Various other artists have been credited for having contributed to the rise of the subgenre, including Bukez Finezt, Coffi, Deemed, Blankface, Drippy, The Monsters, Coki from Digital Mystikz, and Kromestar.

===Growth===
In January 2018, German DJ and producer Virtual Riot released his riddim-focused extended play German Engineering, which peaked at the No. 11 spot on Billboard's Dance/Electronic Album Sales chart. In February 2019, American multi-platinum artist Marshmello collaborated with riddim producer Svdden Death to release the song "Sell Out". Although the song was criticised for being an "easy cop-out to increase variety" within Marshmello's discography, the song charted on Billboard's Hot Dance/Electronic Songs at the No. 36 position. Svdden Death's later released extended play Voyd: 1.5 debuted at the No. 8 on Billboard's Dance/Electronic Albums.

===Branching subgenres===
====Melodic/future riddim====
In the latter half of the 2010s, melodic riddim began to gain notoriety via music producers like Chime and Ace Aura. Melodic riddim is a subgenre of riddim that contains more melodic qualities, crystalline or liquid textures, and bright production. It focuses more on the melody, like regular melodic dubstep, but the synths, while having a melody, are usually a little aggressive and detuned. Like other forms of riddim, melodic riddim also has a kick and a clap instead of a single snare. Around the 2020s, the term "colour bass" began to encompass this style of production and expand upon it. Colour bass is described as a "categorisation of bass music coined by Chime that focuses on melody, emotion, and vibrancy", which "sits equidistant between supersaw-punctuated melodic dubstep and more aggressive, impact-focused dubstep – creating a world that takes the best from both sides".

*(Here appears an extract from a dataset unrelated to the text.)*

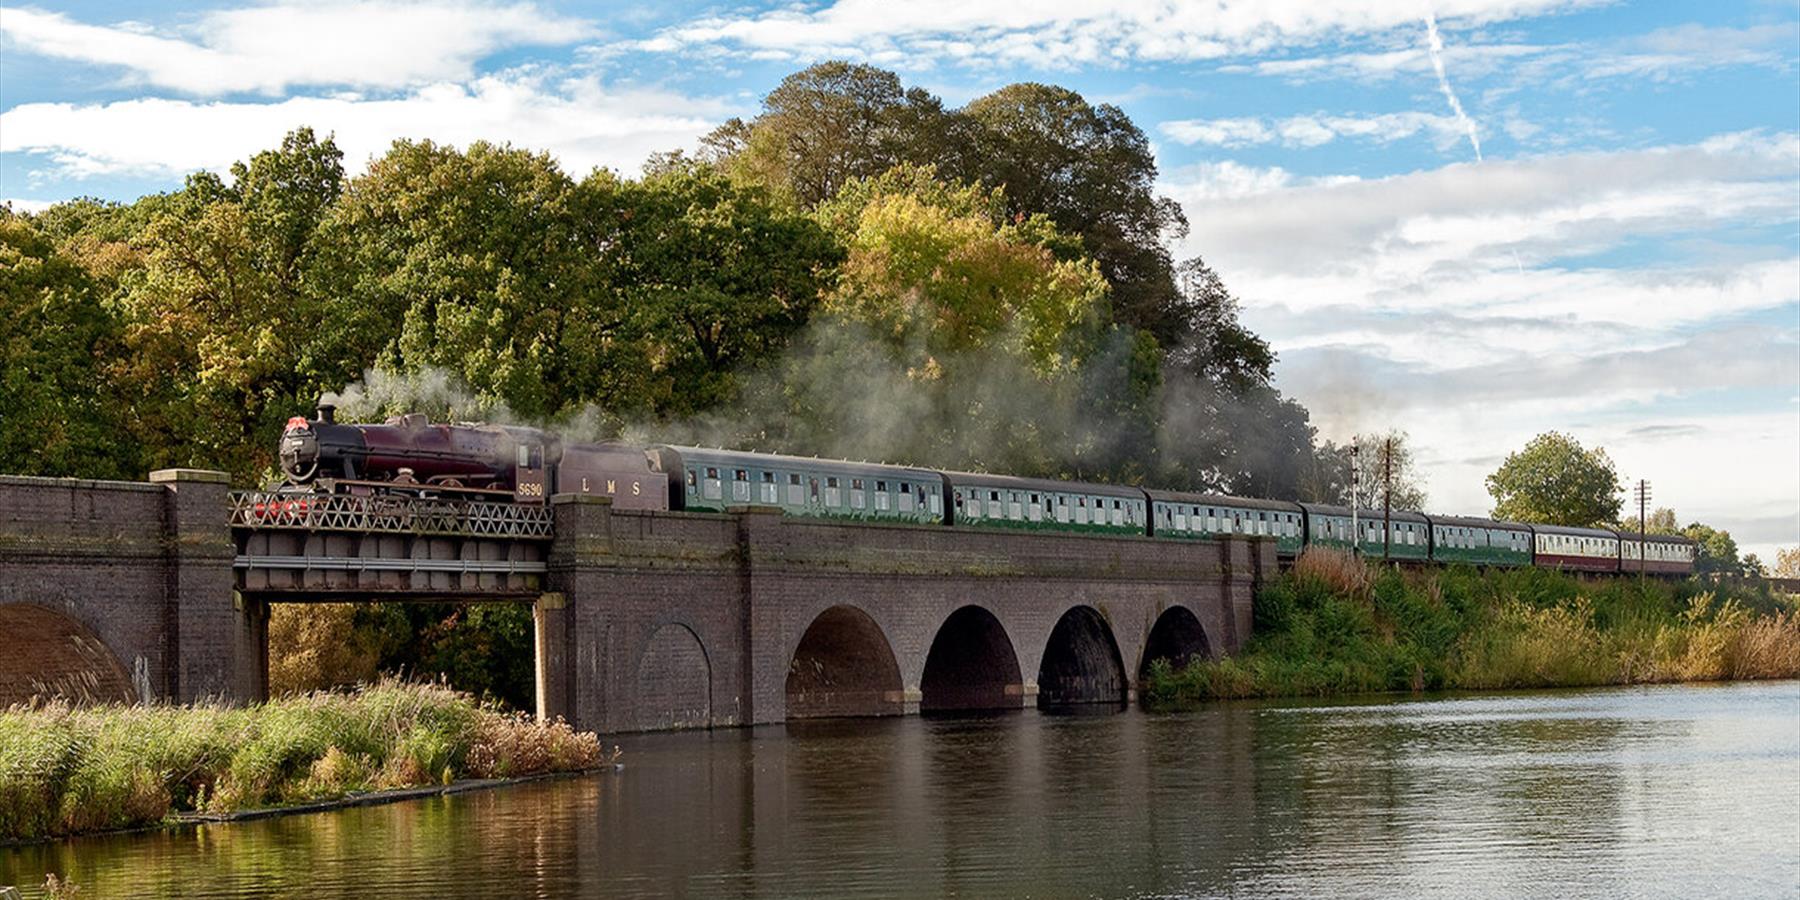 Step Back in Time and Ride on the Great Central Railway

In October 2020, producer Papa Khan released his Blossom EP, which was recognized by Marshmello and promoted on JOYTIME COLLECTIVE. Its opening track, "Rain" is currently the most streamed colour bass track, with 7 million streams on Spotify, 500 thousand plays on SoundCloud, and 480 thousand views on YouTube.

====Briddim====
Throughout riddim's history, the genre has commonly crossed over with brostep, creating the subgenre of briddim, which combines the heavier snare and kick sounds of riddim with brostep's sound design. Despite the difference in musical style, briddim is commonly still referred to just as "riddim" plain.

====Liquid Riddim====
Liquid Riddim is a subgenre characterized by the fusion of traditional riddim basslines with lush, melodic elements and atmospheric pads or dark atmospheres. Its sound often conveys a wide range of emotions, ranging from melancholy and sadness to moments of joy and beauty and is generally perceived to be less aggressive than standard riddim. In this respect, Liquid Riddim is similar to the relationship between Future Riddim and Riddim. Prominent labels and collectives that represent the genre include Shizuka and THORN COLLECTIVE, both of which have a diverse range of Liquid Riddim releases.

==Characteristics==

Riddim utilises repetitive, minimalistic layers and tuplet percussion arrangements in a rhythmic style. Like dubstep, riddim is often produced at a tempo of 140 to 150 beats per minute and was noted as having comparatively more "space", atmosphere, and "super dark textures" by riddim producer Infekt. Jayce Ullah-Blocks of EDM Identity characterised modern riddim with the presence of low-frequency oscillation (LFO) square waves, wide delays, and a large use of flanger and chorus filters.